In SN’s editorial yesterday, the author concluded by advising sugar and rice farmers, in particular, to be discerning and not to vote for those who tell them what they want to hear at the upcoming March 2 polls. This is good advice for those who are sitting pretty but I thought it was a bit insensitive to the dismissed sugar workers who are struggling to make ends meet.
Regarding agriculture in general, a couple of things have to be in place before we can diversify the sector. The most important is having cheap electricity. This will transform the whole of Guyana, not only agriculture. Cheap energy, which APNU/AFC blocked when they derailed Amaila, creates opportunities to package and preserve to market overseas. Secondly, we need a Government that genuinely wants to work and help the sector. We cannot pretend that APNU/AFC closed the sugar estates to save money. If it was to save money then why have they been spending more than G$30B and counting. And if they wanted to preserve jobs, they would have opted to sell the estates as a going concern. The closures were meant to create hardship and undermine PPP/C perceived support base.
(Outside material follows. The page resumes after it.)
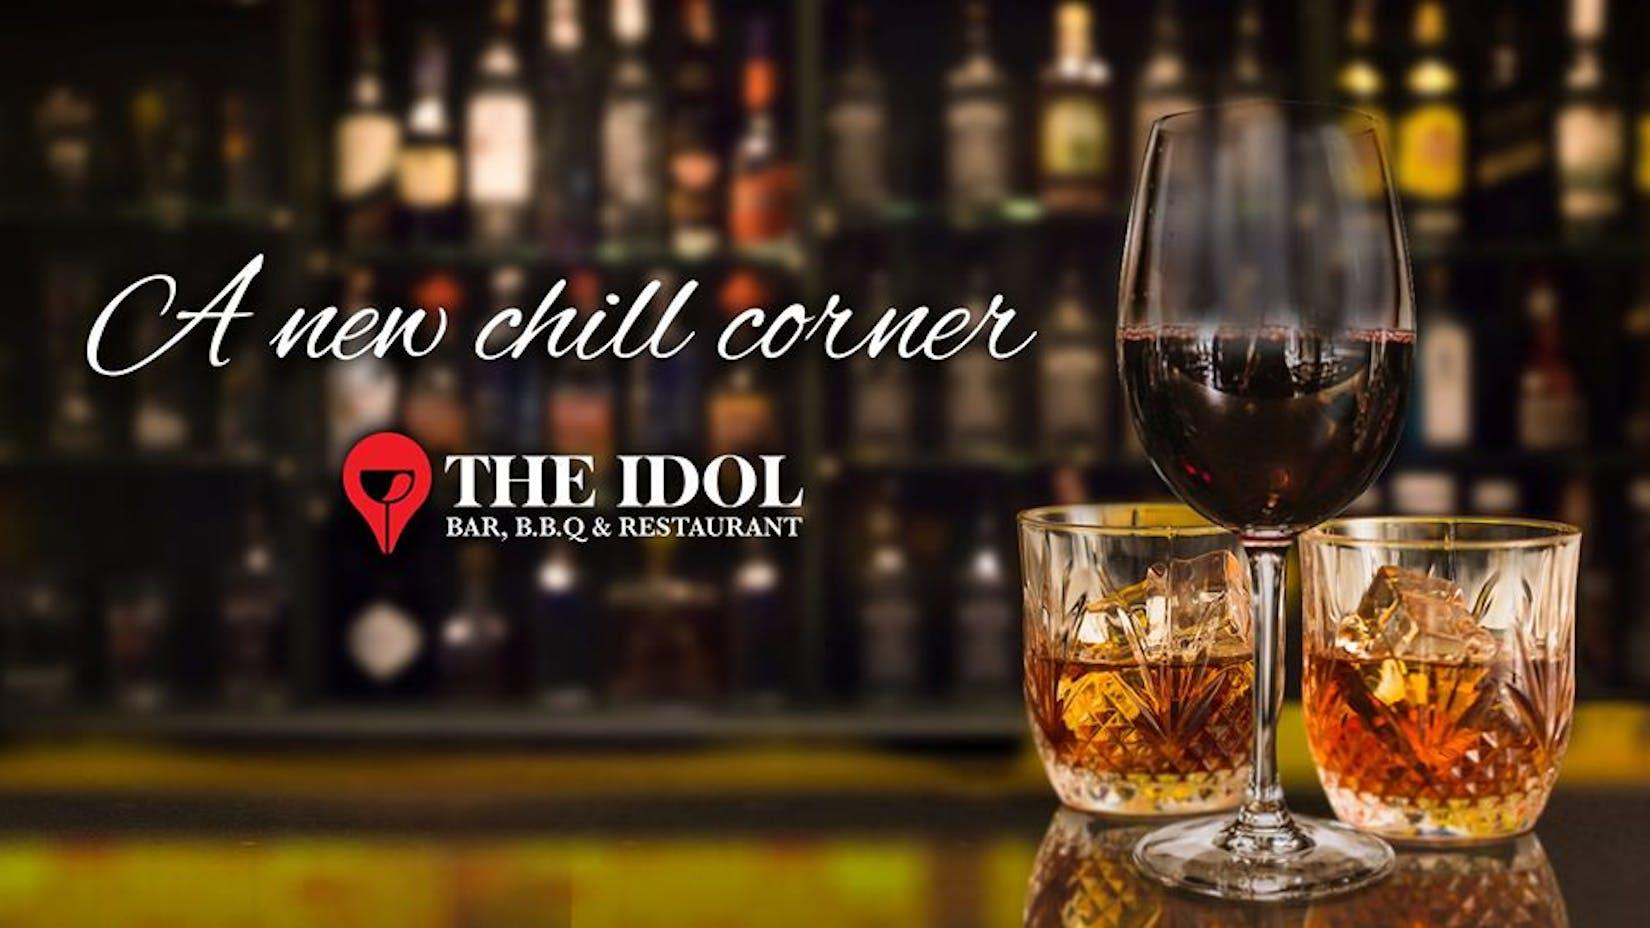 The Idol Bar & B.B.Q Restaurant | yathar

PPP/C will reopen the estates because it is the practical thing to do to solve the dire unemployment problem. The closures are also negatively impacting foreign exchange earnings and disrupting demand and supply economics nationwide. Has SN’s editor noticed the glut of vegetables on the market? There is an oversupply because more people are out of jobs and are planting cash crops while at the same time demand is down because citizens have lost jobs and spending power. So if GuySuCo has to be subsidised, this will not be the first time and Guyana will not be the first country to do it – North America and the EU do it all the time. It is quite possible to recoup a subsidy from exponentially higher tax earnings in a stimulated and vibrant economy. Regardless, at least PPP/C strategy allows more time to assess the future of the industry. In my opinion, our oil and hydro resources should be deployed to create alternative industries to absorb the unemployed if and when that time comes.
The Leader of the Opposition lamented that he never thought he would see the return of hunger in Guyana. This is an emotional issue for many. I would like for the editor of SN to contemplate the plight of dismissed sugar workers and to recognise that having food on the table is more important than politics at this time. Take it from someone who worked in the backdam, lived through the worse years of the PNC and came close to going hungry on more than one occasion.